Information supplied:

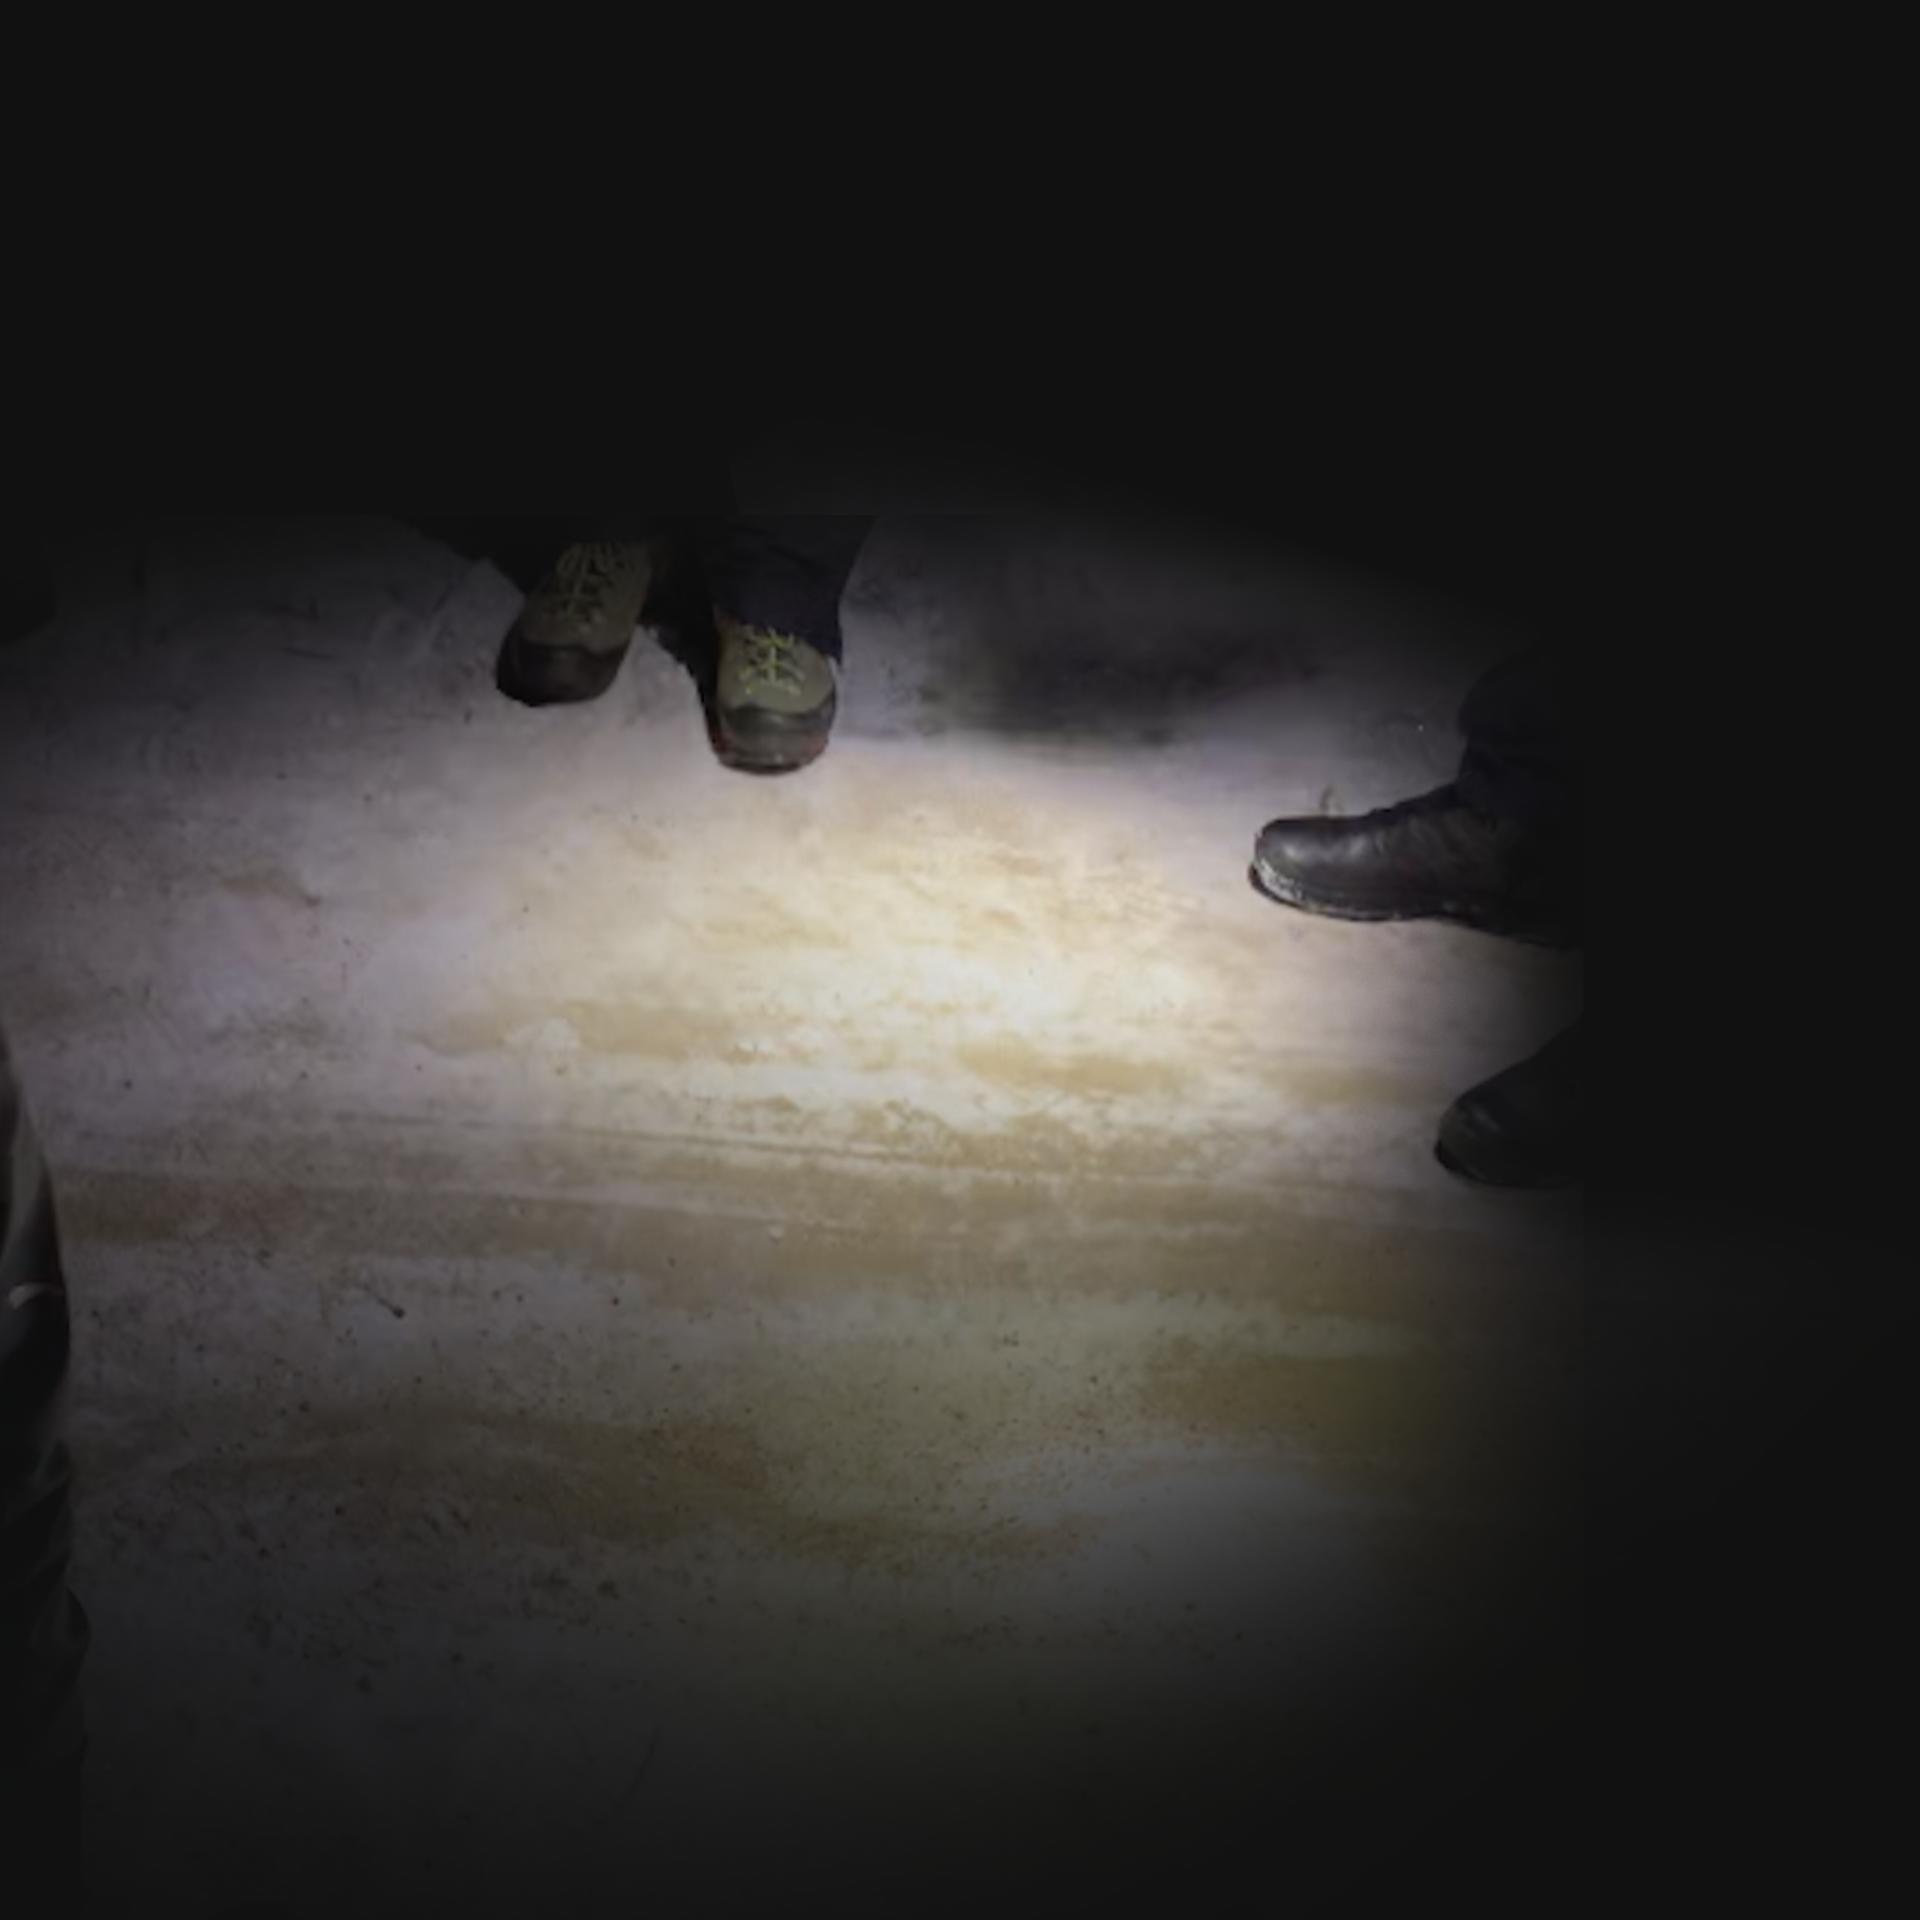 Zdjęcie wykonane w nocy, widoczne są na nim dwie pary butów na piaskowej, oszronionej drodze
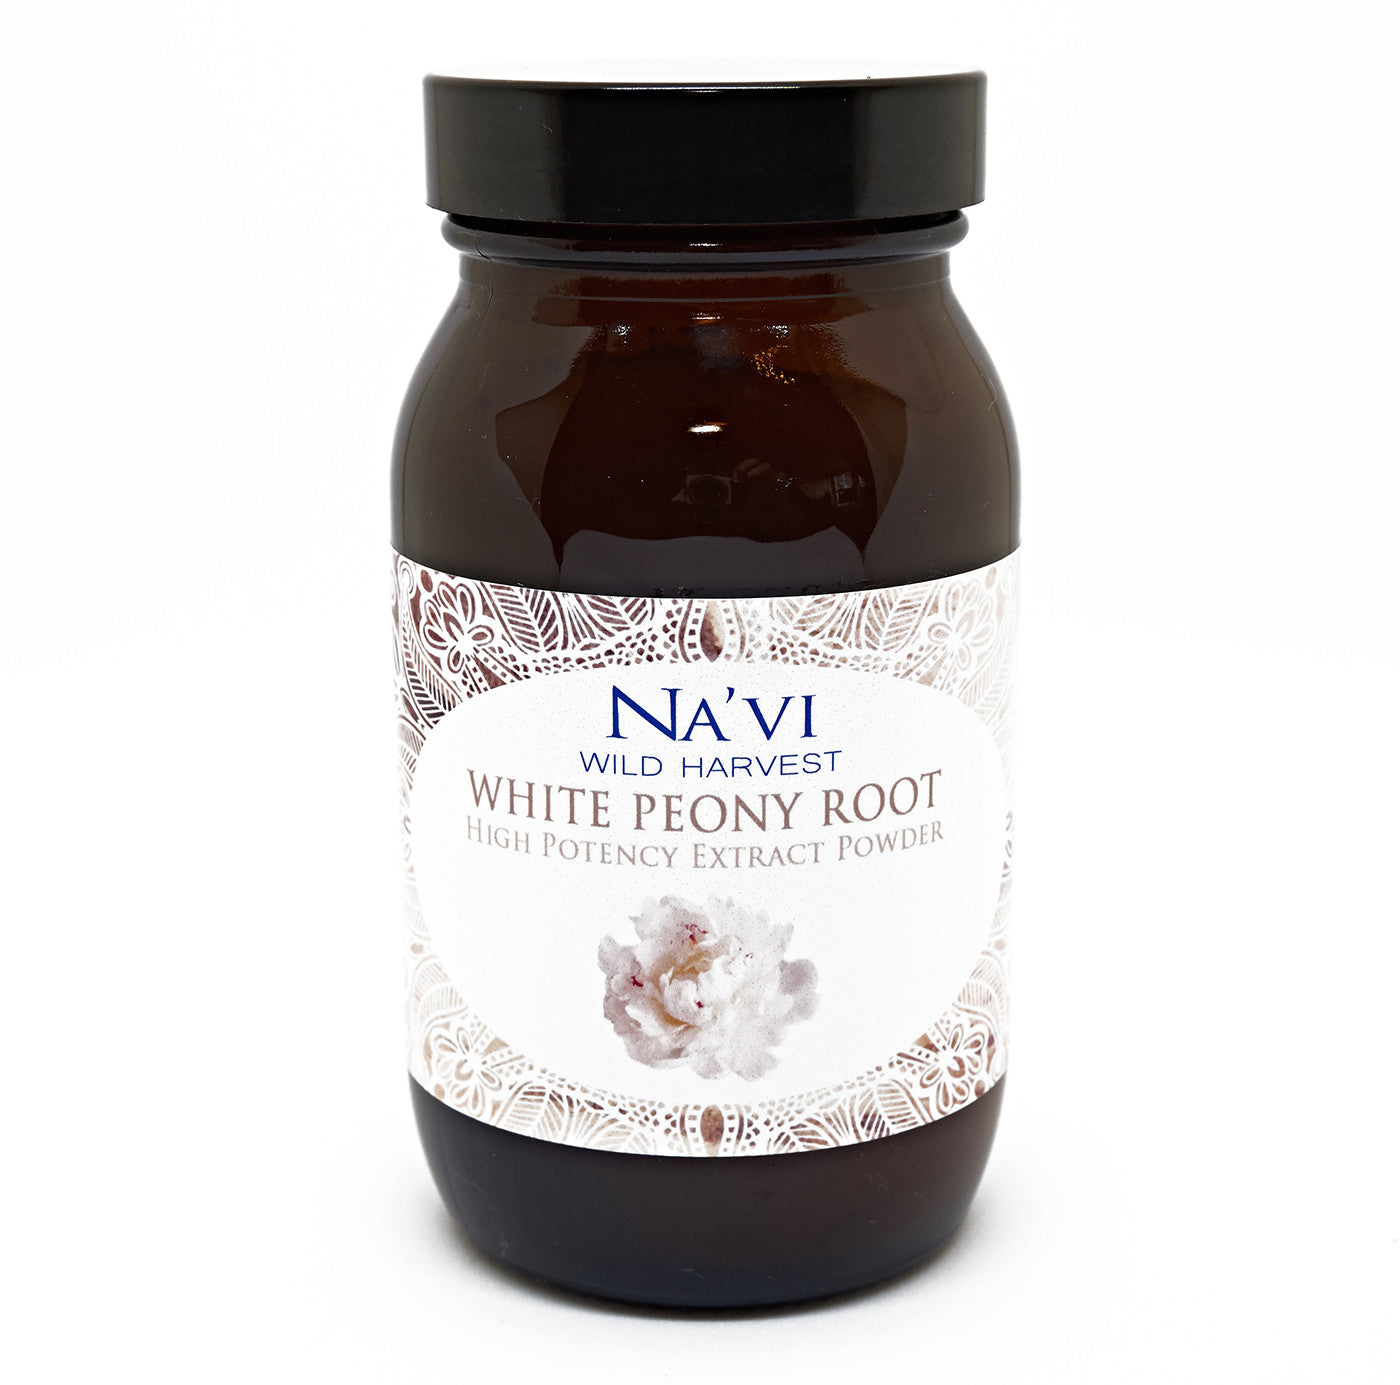 90 gram jar of White Peony Root Extract Powder
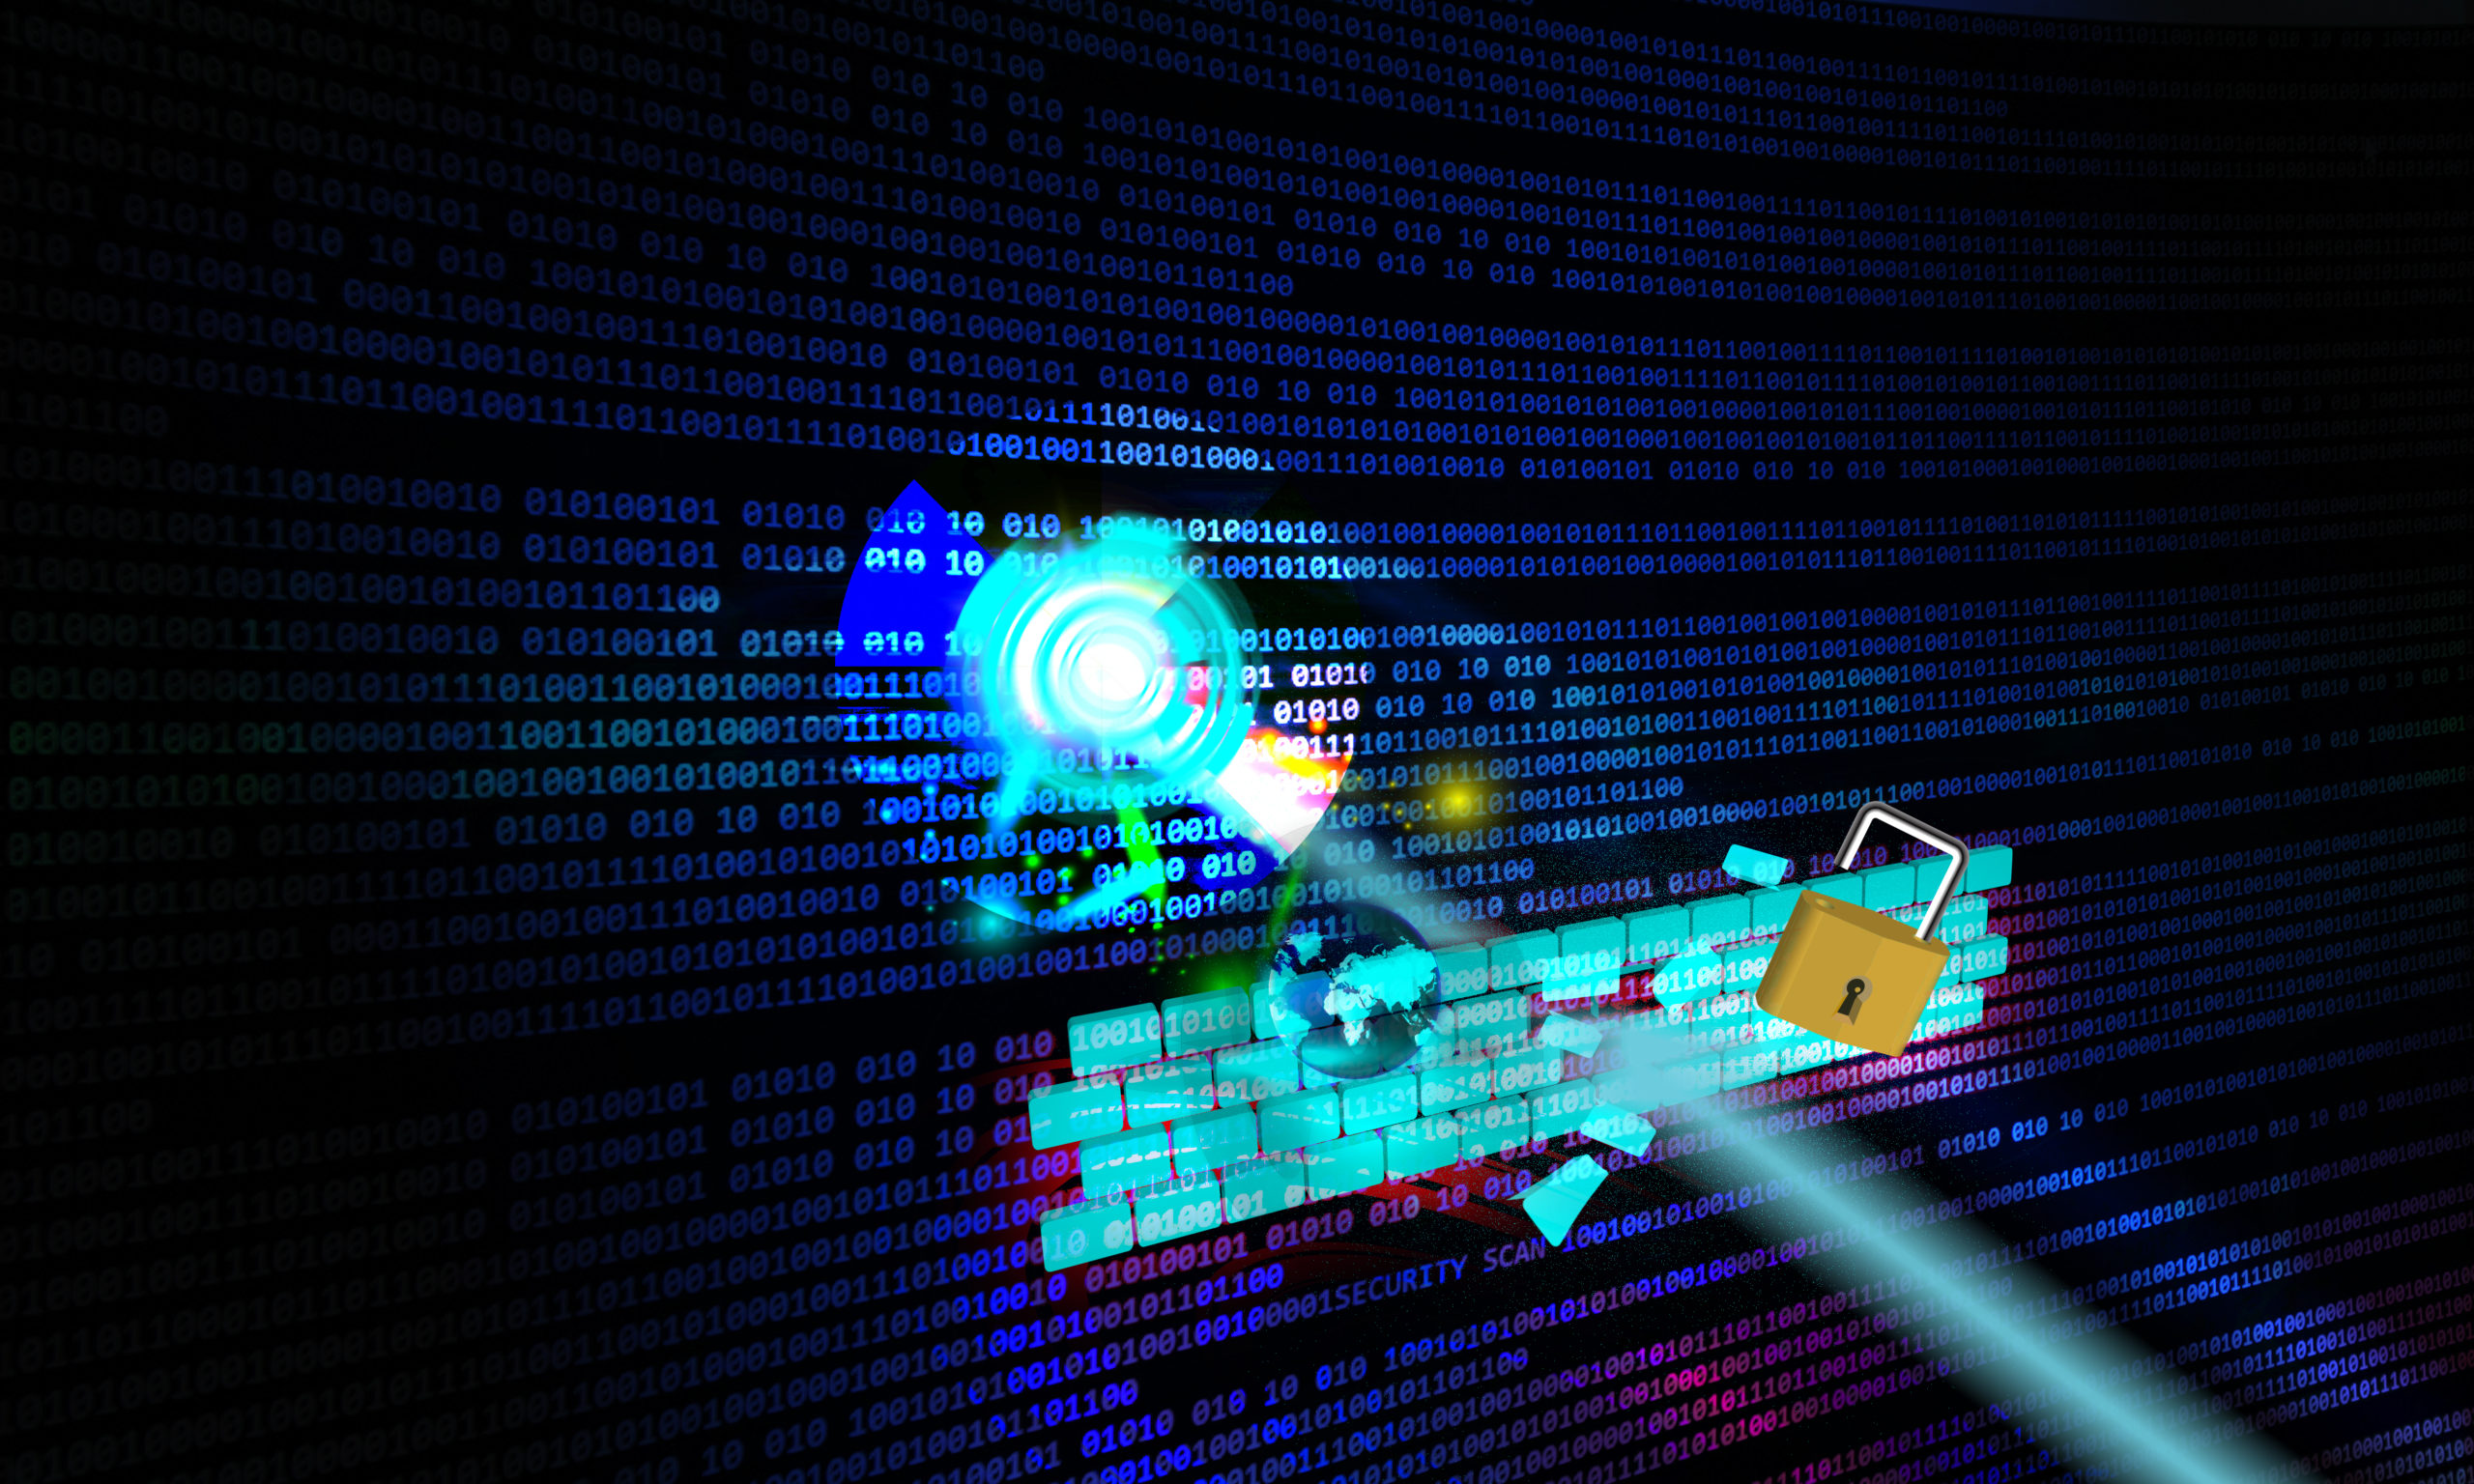 Methods to find cybersecurity vulnerabilities

Work instructions:
Go through the data above and transcribe it in full, omitting any image.

Response to this exercise:
 Zdjęcie wykonane w nocy, widoczne są na nim dwie pary butów na piaskowej, oszronionej drodze
 90 gram jar of White Peony Root Extract Powder
 Methods to find cybersecurity vulnerabilities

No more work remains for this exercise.